Do Big Events Mean Big Bucks?

In the quadrennial competition to secure mega-events such as the Olympics and political conventions, the economic benefit to host cities is regularly flaunted. Carl Bialik looks at why big events may not mean big bucks for their host cities.

1 minute read

August 20, 2012, 7:00 AM PDT

By Jonathan Nettler @nettsj


London can certainly brag about hosting a well run and memorable Olympics this summer, but according to several economic observers interviewed by Bialik, claims to "a long-term economic boost of anywhere from $20 billion to $26 billion for the U.K." are quite dubious. Ditto for the host committees for the Democratic and Republican conventions to be held this summer who are
expecting "Charlotte, N.C., and Tampa, Fla., each to benefit to the tune
of between $150 million and $200 million this year."

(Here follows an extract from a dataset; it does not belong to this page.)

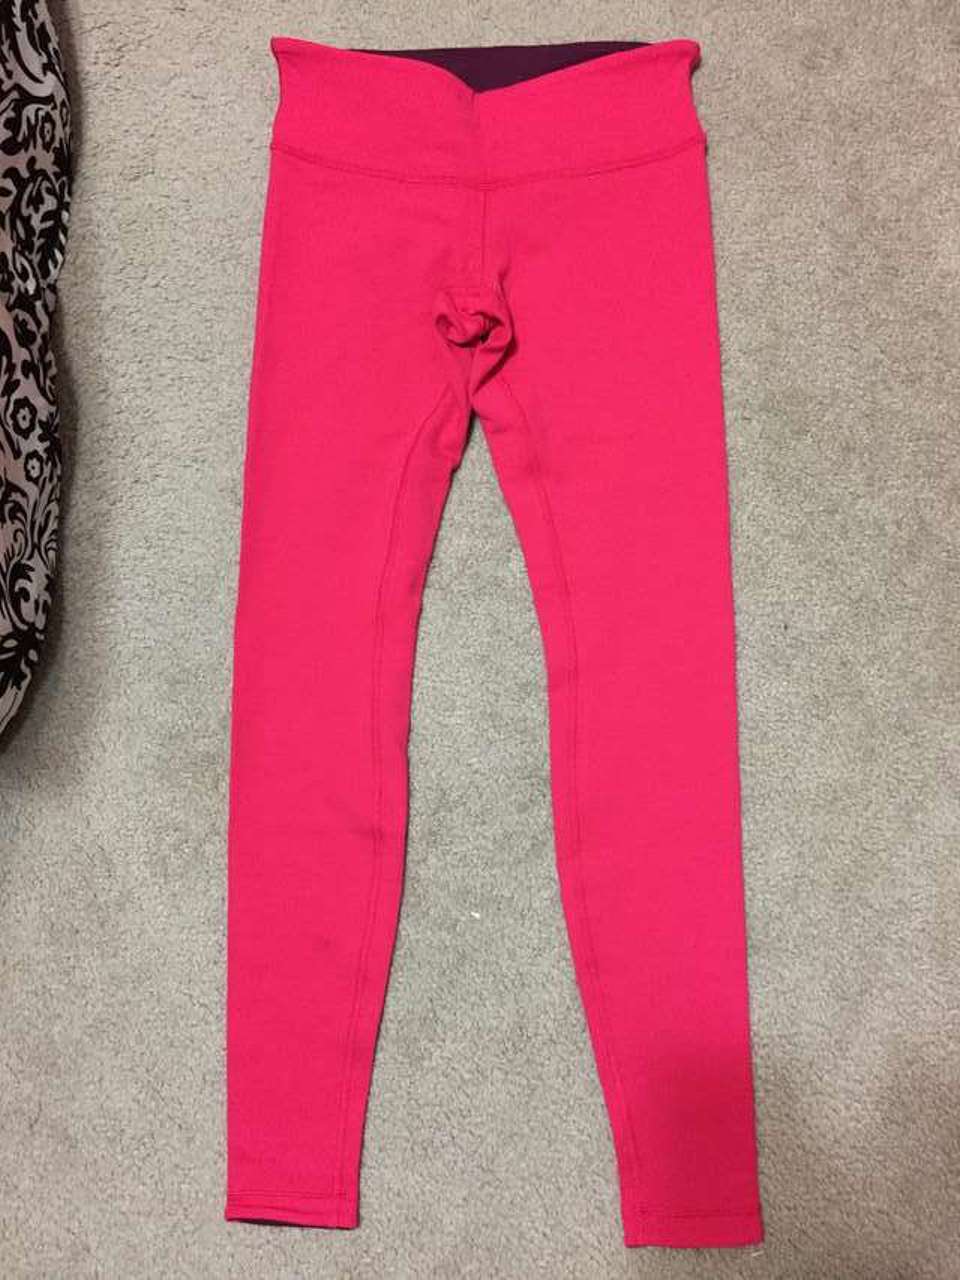 Lululemon Wunder Under 7/8 Tight size 12 So Merlot NWT Red Pink Luon Yoga  Pant

"Playing the role of party poopers are several economic observers who
have gone back to study tax receipts and other signs of extra activity
from earlier, similar mega-events, and generally haven't found much to
crow over," writes Bialik. 

Predicting economic impacts is a notoriously inexact science, so projections should be given a measure of leeway. However looking backwards, notes Bialik, one study conducted by Robert A. Baade, an economist at Lake Forest College in Illinois, and colleagues, "agrees that these gains rarely
show up."

"The researchers studied 18 national political conventions
between 1972 and 2004, and found no statistically significant impact on
personal income or local employment when comparing host cities with
control cities that didn't host events."